The `gene2GO_human.pickle` can be downloaded from https://ftp.ncbi.nlm.nih.gov/pub/goenrichment/goenrichDB_human.pickle

    usage: goenrich [-h] -i I -o O [--goenrichDB GOENRICHDB]
                       [--min_category_depth MIN_CATEGORY_DEPTH]
                       [--min_category_size MIN_CATEGORY_SIZE]
                       [--max_category_size MAX_CATEGORY_SIZE] [--alpha ALPHA]
    
    Calculate GO enrichment from a list of genes. Default database organism: human
    
    optional arguments:
        -h, --help            show this help message and exit
        -i I                  Input list of gene names
        -o O                  TSV file with all results
        --goenrichDB GOENRICHDB
                            Gene2GO pickle file created with "goenrichDB.py". If
                            not provided the database is loaded from:
        --min_category_depth MIN_CATEGORY_DEPTH
                            Min GO term graph depth to include in the report.
                            Default: 4
        --min_category_size MIN_CATEGORY_SIZE
                            Min number of gene in a GO term to include in the
                            report. Default: 3
        --max_category_size MAX_CATEGORY_SIZE
                            Max number of gene in a GO term to include in the
                            report. Default: 500
        --alpha ALPHA         Alpha value for p-value correction. Default: 0.05


Requirements
------------
 
 * Python 3.8
     * numpy
     * scipy
     * statsmodels
     * pandas
     * networkx


Public Domain notice
--------------------

National Center for Biotechnology Information.

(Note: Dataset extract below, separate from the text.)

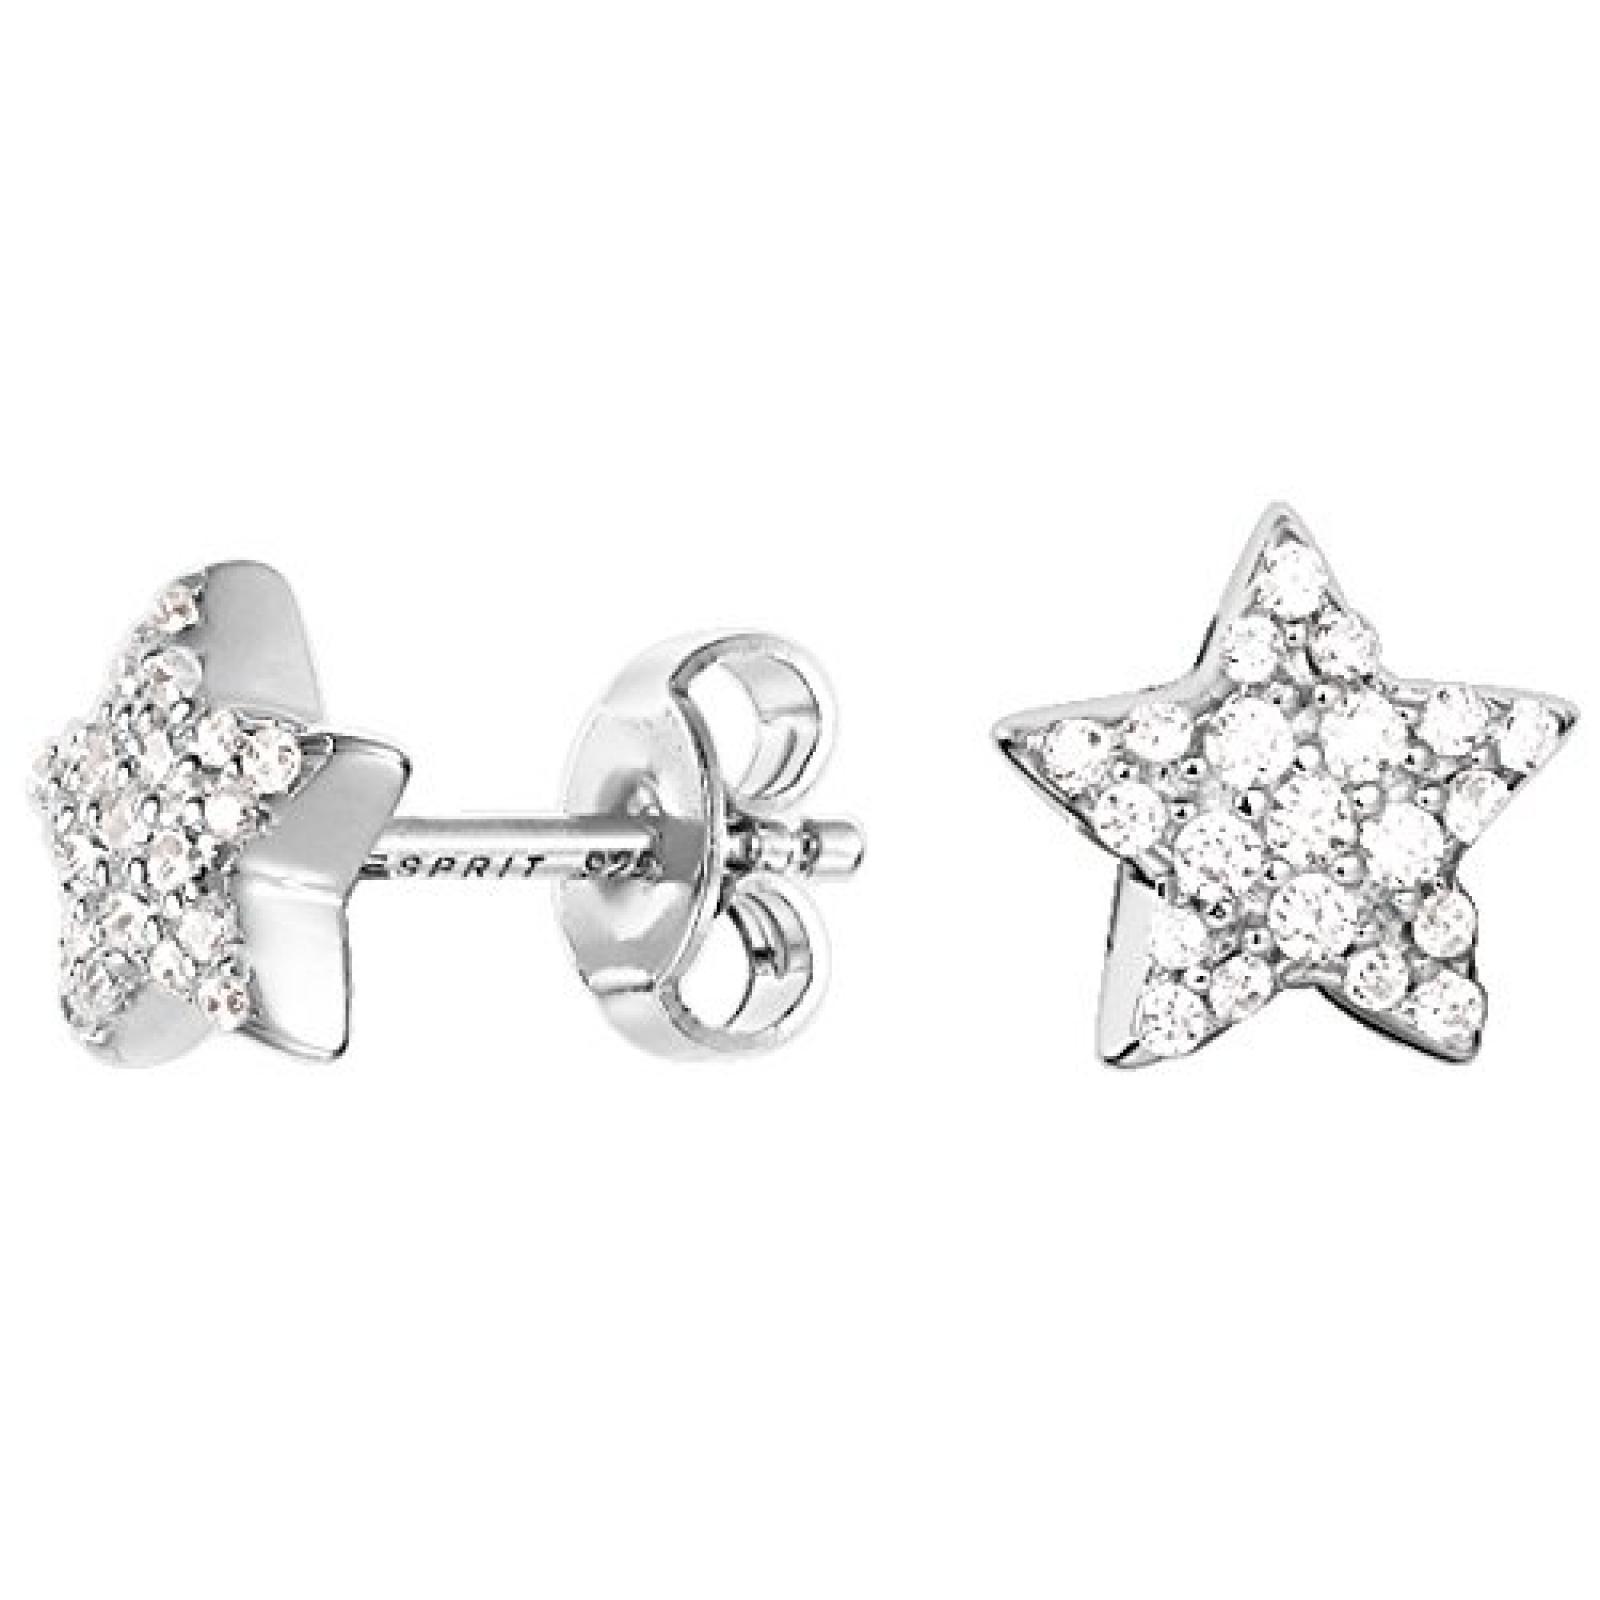 Esprit Damen-Ohrstecker 925 Sterling Silber Zirkonia Petite ESER92692A000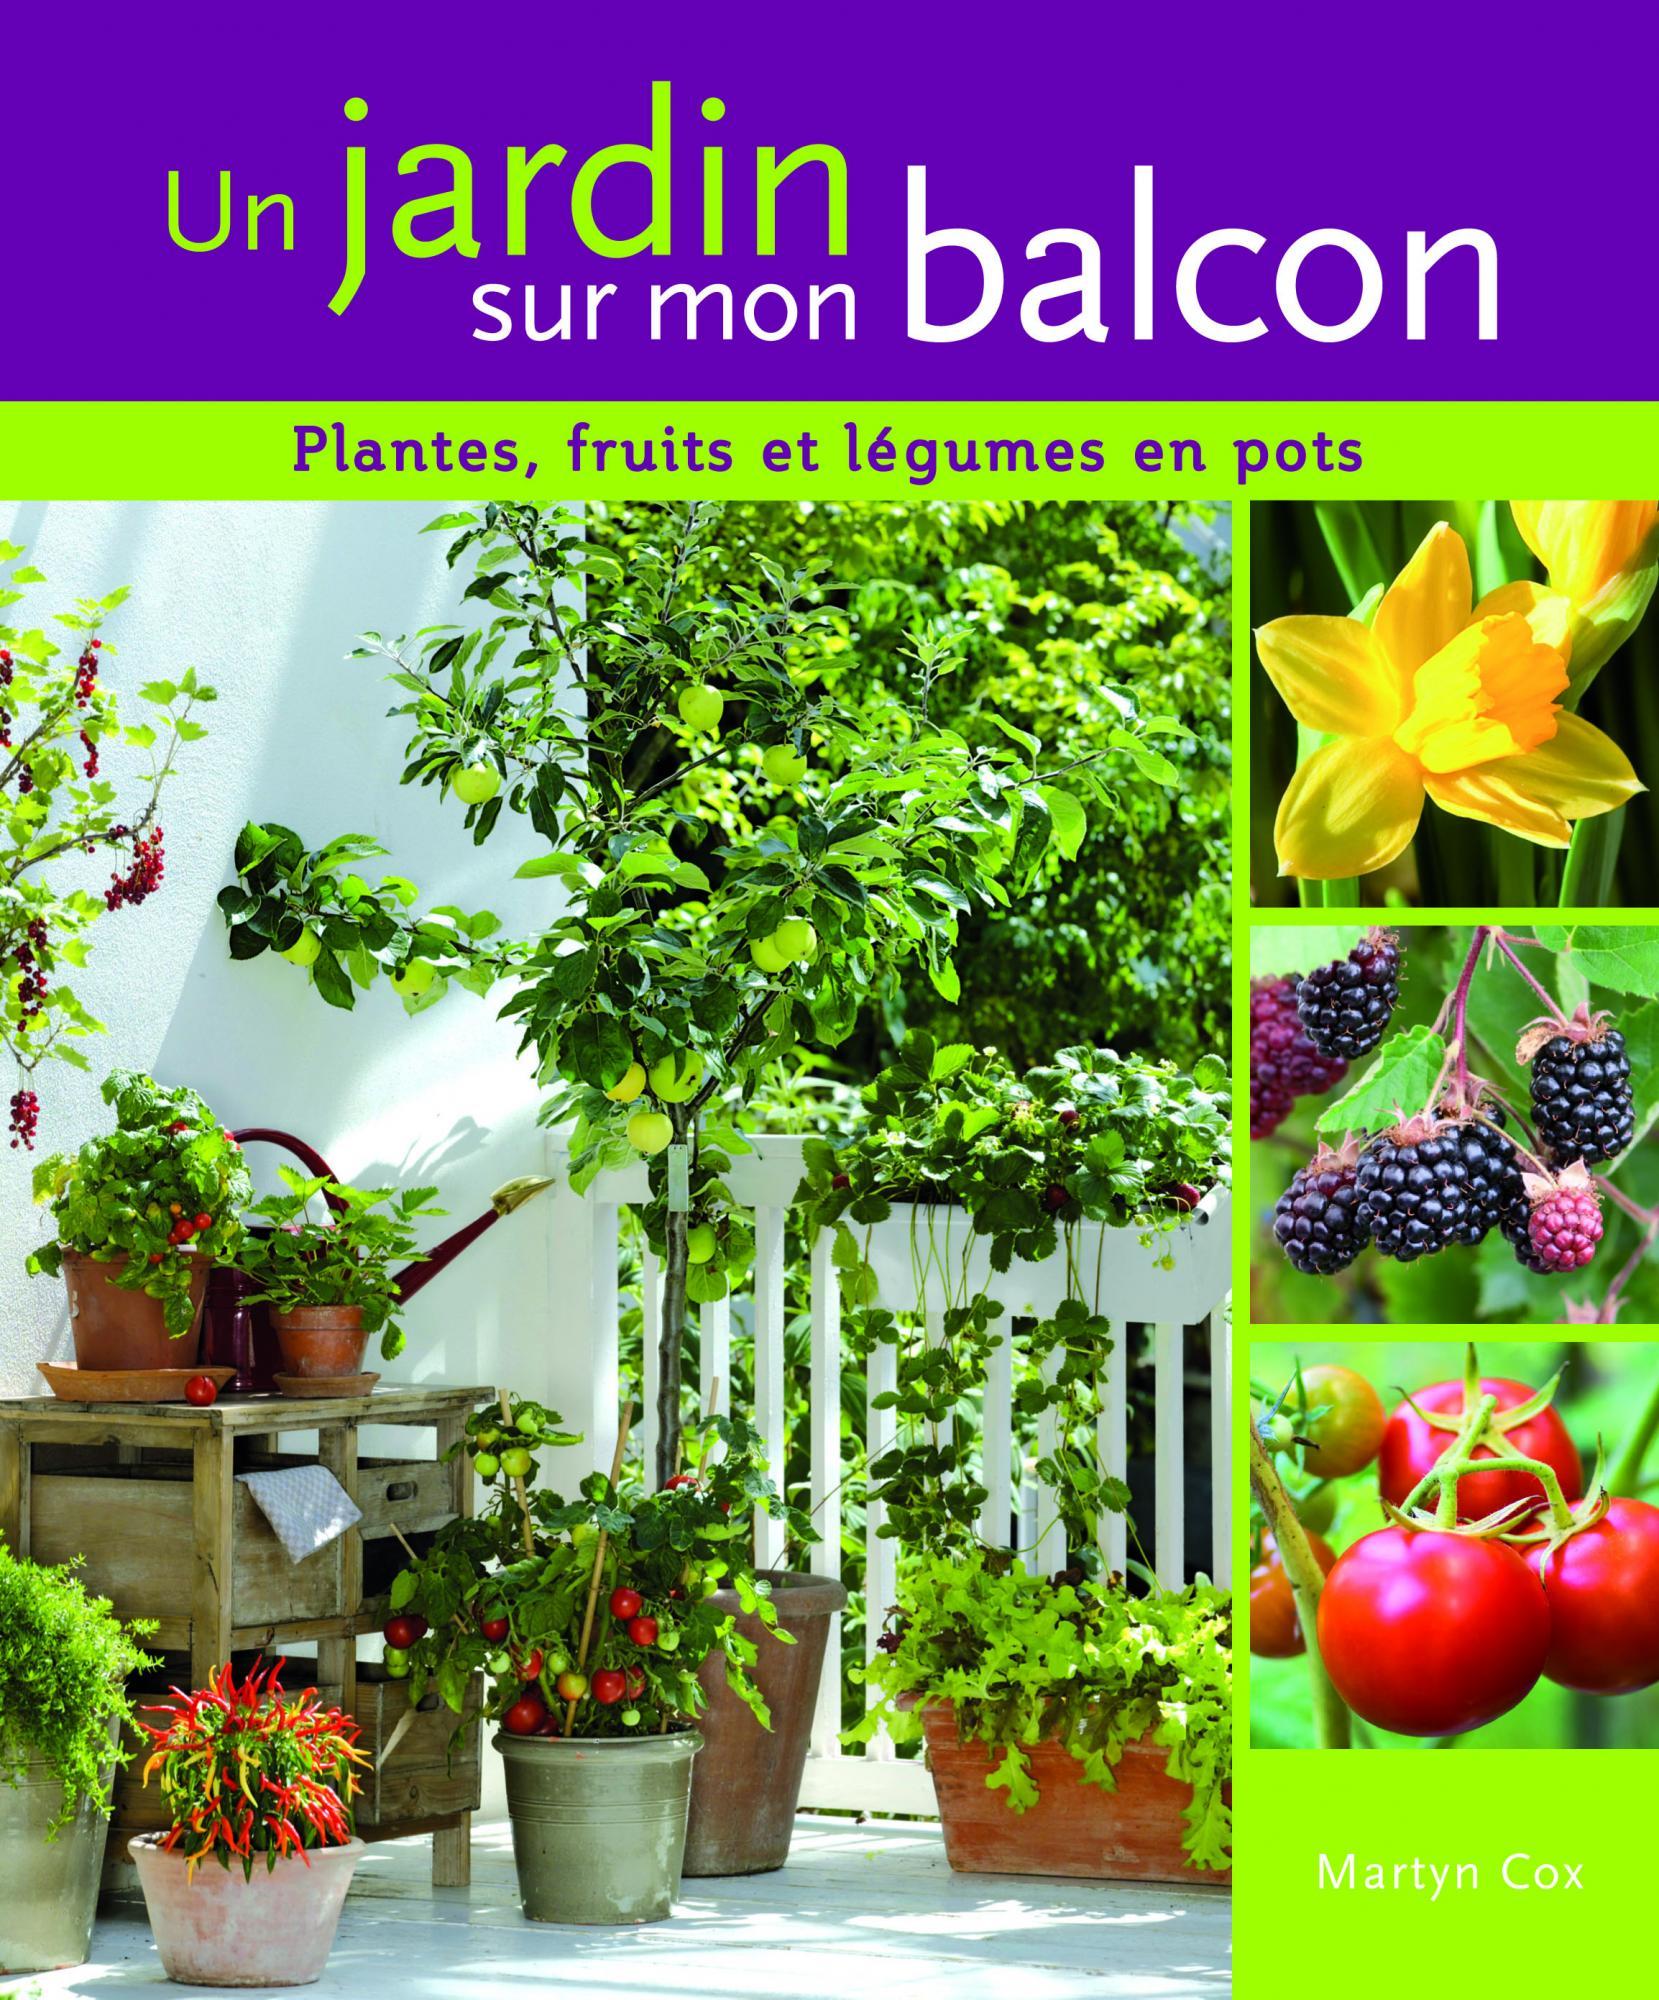 Un jardin sur mon balcon martyn cox delachaux et niestl - Jardin sur un balcon ...

This software is a "United States Government Work" under the terms of the United States
Copyright Act. It was written as part of the authors' official duties as United States
Government employees and thus cannot be copyrighted. This software is freely available
to the public for use. The National Library of Medicine and the U.S. Government have not
 placed any restriction on its use or reproduction.

Although all reasonable efforts have been taken to ensure the accuracy and reliability
of the software and data, the NLM and the U.S. Government do not and cannot warrant the
performance or results that may be obtained by using this software or data. The NLM and
the U.S. Government disclaim all warranties, express or implied, including warranties
of performance, merchantability or fitness for any particular purpose.

Please cite NCBI in any work or product based on this material.